Something that authors, philosophers, and other solipsists like to think about it how everyone is the protagonist of their own story. That isn’t a bad thing; it is a human default. Whatever lies behind the mystery of consciousness, we see the world through a first-person point of view. Not just in an ocular sense- everything we perceive is run through the filter of “I”, and so there is the perception that everyone else is just another character, someone who maybe flits into your story, but doesn’t always exist outside of it. It is staggering when you are on a train or walking down a busy street and realize that every single person has a lifetime of fears and of memories, of hopes and doubts and dreams and fantasies, of pain and love.

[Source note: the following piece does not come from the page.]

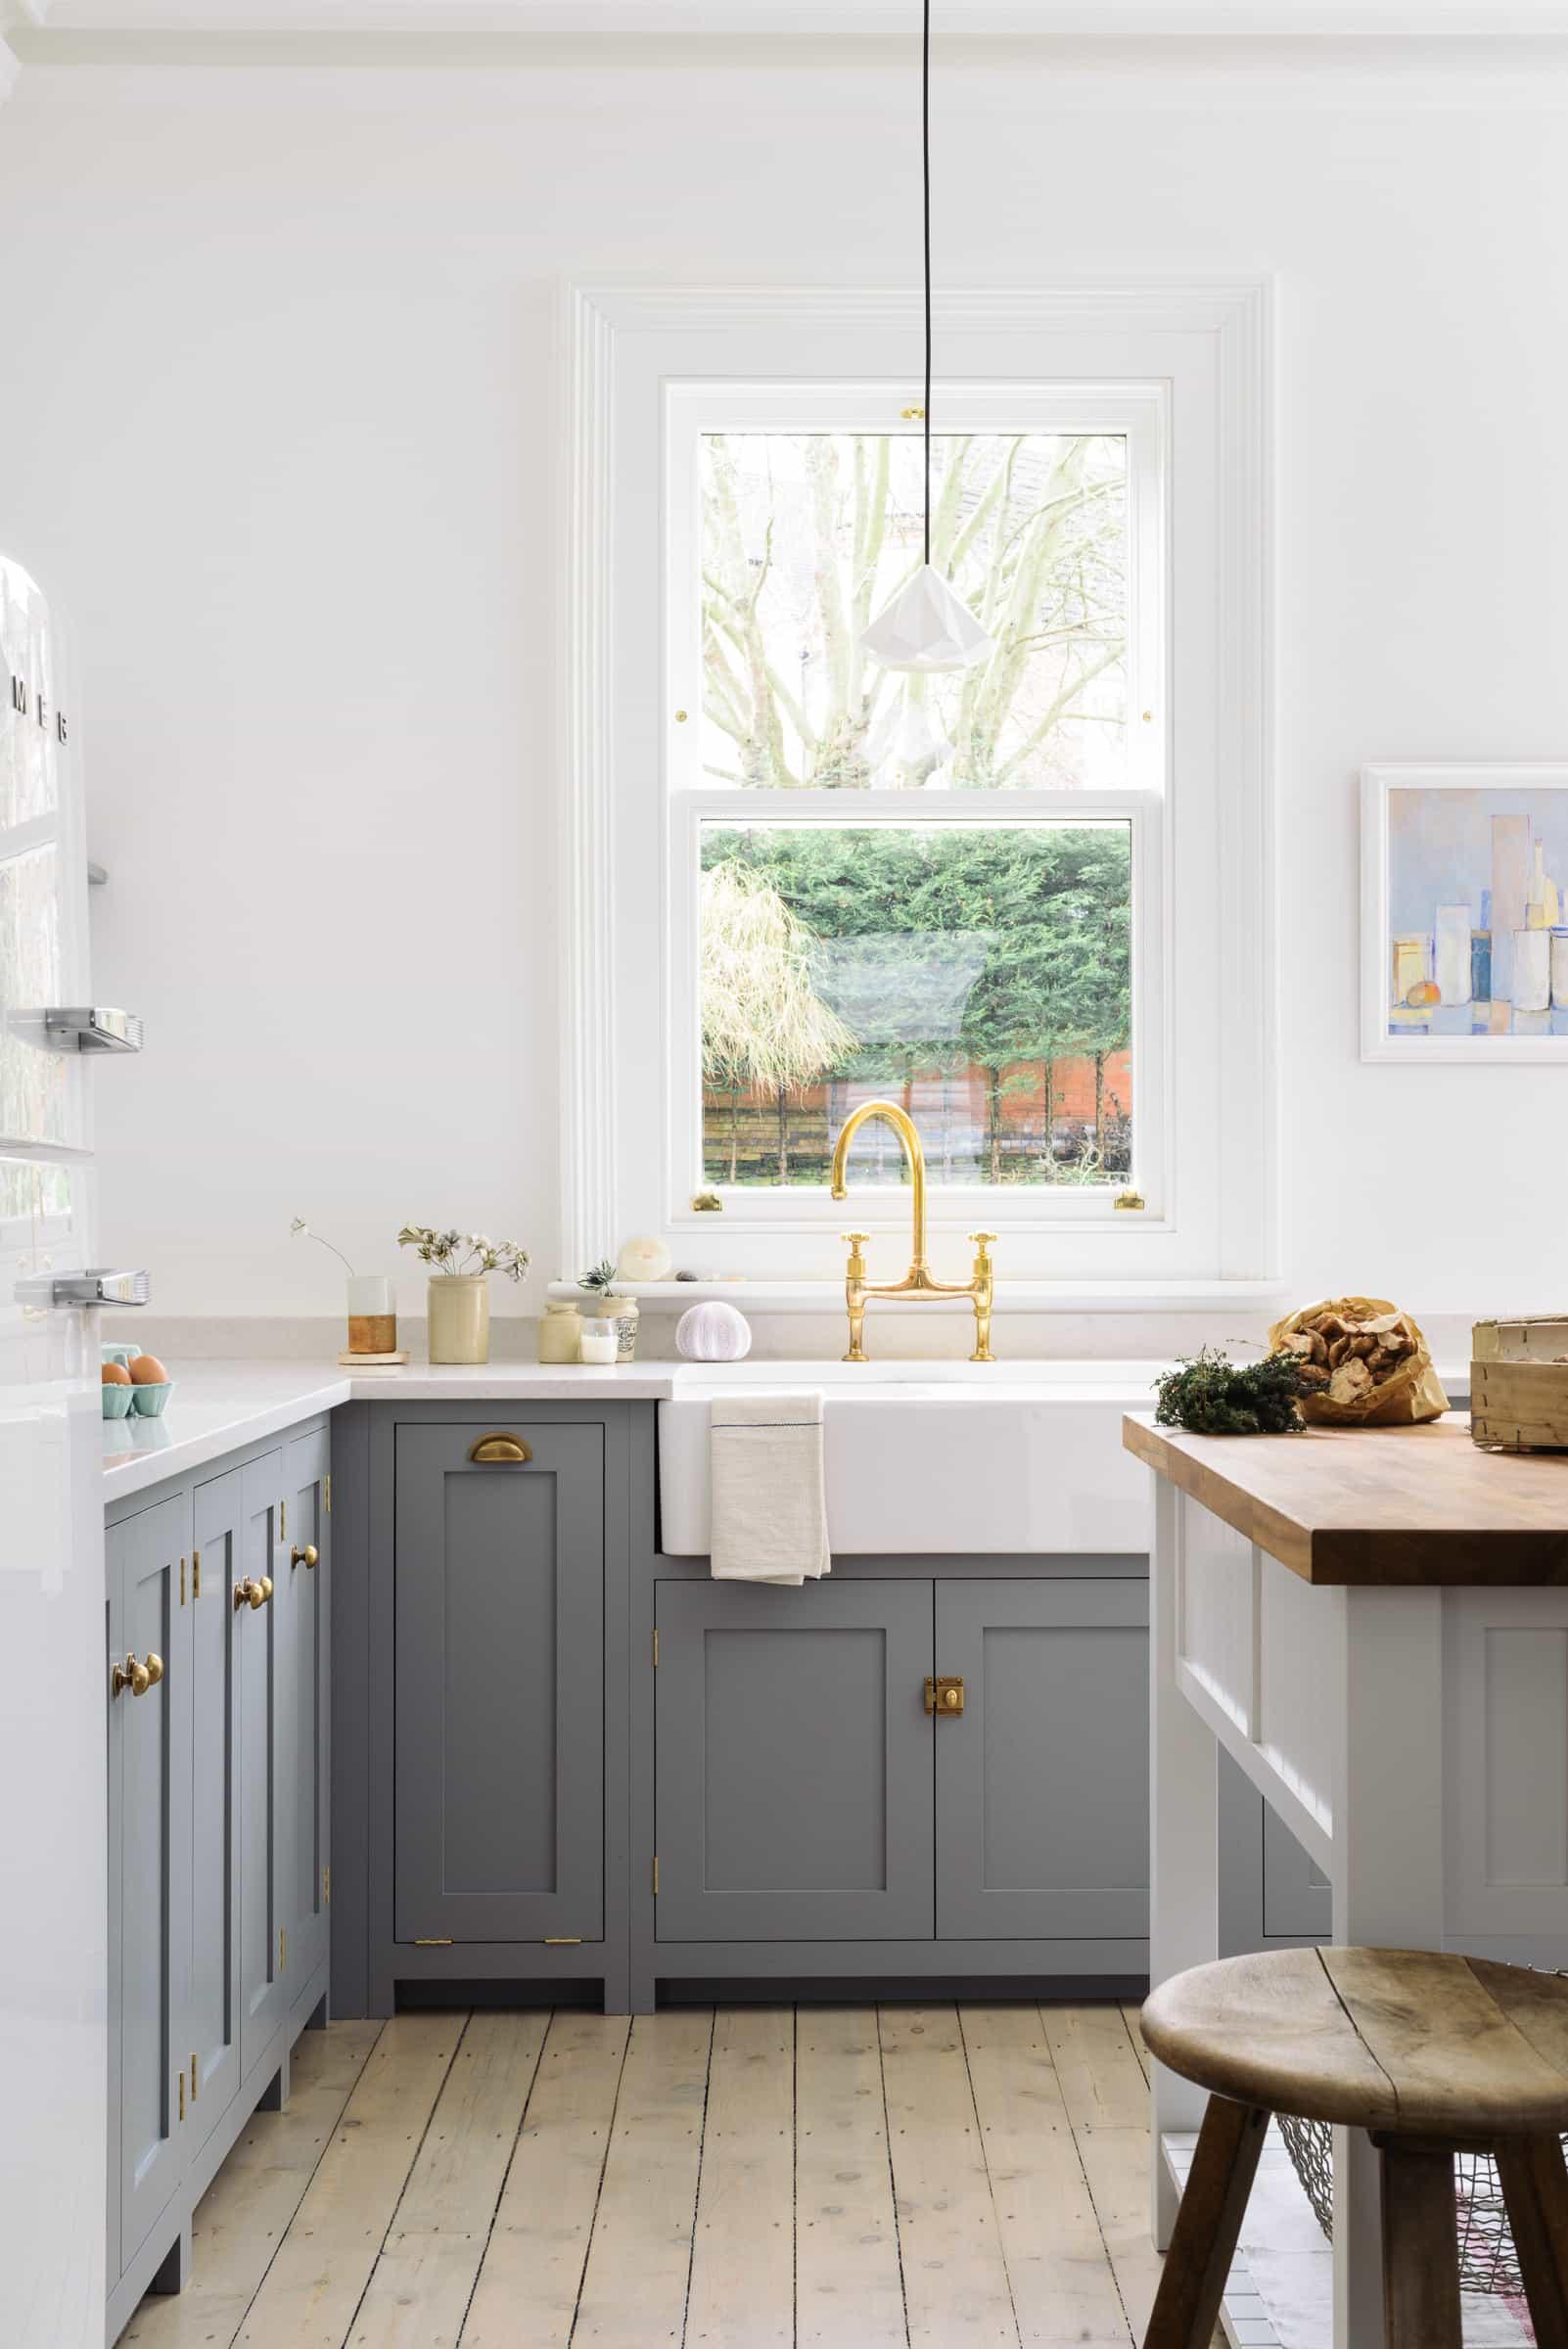 this is a deVOL farmhouse kitchen with a porcelain apron sink

So it is easier sometimes to not think about it.

Of course, not recognizing it at all makes you a sociopath, but the gift of complete and total empathy is very rare. Even with your long-term partner, it is hard to always feel what they are feeling, and to consider how your actions affect them. Sometimes, it is the person you are with the most that you forget the easiest, because you fall into a pattern.

While empathy is difficult, observation is not, and you’ll find that the former is borne from the latter. Practicing observance here means being an emotional detective- picking up on moods, finding patterns, and really making an effort to understand why a person is behaving the way they are. You shouldn’t just see it as something that is impacting you, as tempting as that is.

couple
Image from Flickr CC user Adam Tinworth

The best part of being observant is that it can lead to greater intimacy. Global Glue couple Hazel & Neridah talk about the importance of intimacy- which is touching, yes, but also the kind of respect and understanding that comes from knowing someone and making a daily effort to remember that they are an individual. “We’ve learned to be really observant of each other. It’s not just listening with your ears. That’s not the only way to listen to someone.”

It all ties together. Being observant can lead to a greater understanding, which leads to greater and more fulfilling intimacy, which leads to even more understanding. Your partner is many things- beautiful, fun, maddening, lovable, frustrating, stubborn, clever, curious- but the one thing they are not is a mere adjunct to you. Recognizing that you are two separate people is, perhaps paradoxically, the only way to move closer to being as one.